Un sábado por la tarde, mientras Emiliano dormía la siesta, Daniel llegó sin avisar. Se arrodilló frente a mí y lloró como nunca lo había visto llorar.
—Perdóname, Mariana… No quiero perderte ni perder a nuestro hijo…
Lo miré largo rato. Vi al hombre con quien soñé una vida entera y al desconocido que me rompió el corazón.
—No sé si pueda perdonarte —le dije—. Pero tampoco sé si quiero vivir con este dolor para siempre.
Esa noche escribí una carta para Camila. No era una carta de odio; era una despedida. Le agradecí por los años de amistad y le deseé que encontrara paz consigo misma. Luego bloqueé su número y eliminé nuestras fotos juntas.
La vida siguió, aunque nada volvió a ser igual. Aprendí a vivir con la ausencia y el silencio incómodo en casa cuando Daniel venía a ver a Emiliano. Empecé terapia y poco a poco recuperé mi fuerza.

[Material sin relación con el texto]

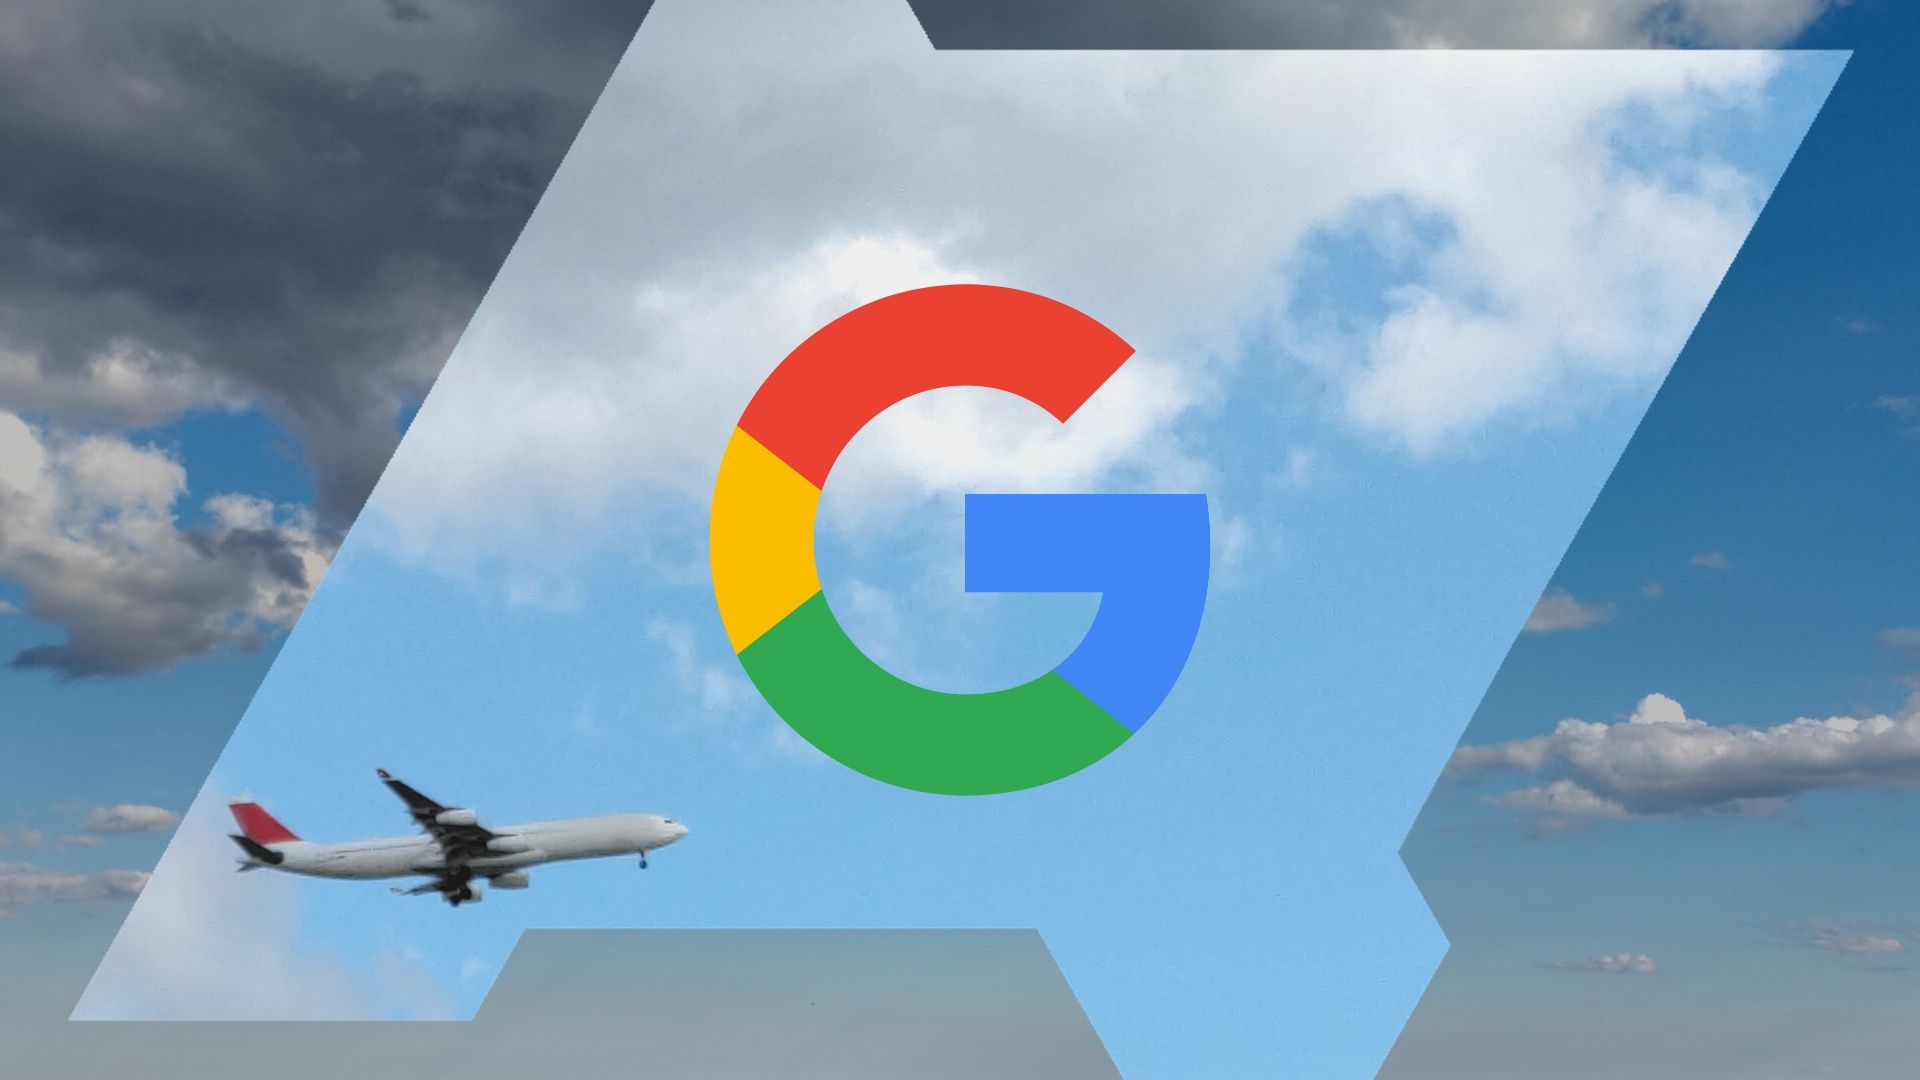 Logotipo do Google sobreposto em um céu azul com um avião voando dentro de uma moldura do logotipo do Android Police

Hoy miro atrás y me pregunto: ¿cuántas mujeres han pasado por esto en silencio? ¿Cuántas han tenido que elegir entre perdonar o empezar de nuevo? ¿Vale la pena aferrarse a lo que duele solo por miedo a estar sola?
A veces me sorprendo sonriendo otra vez, aunque sea entre lágrimas. Y cada noche abrazo fuerte a Emiliano, recordando que aún tengo mucho por qué luchar.
¿Ustedes qué harían si estuvieran en mi lugar? ¿Se puede volver a confiar después de una traición así?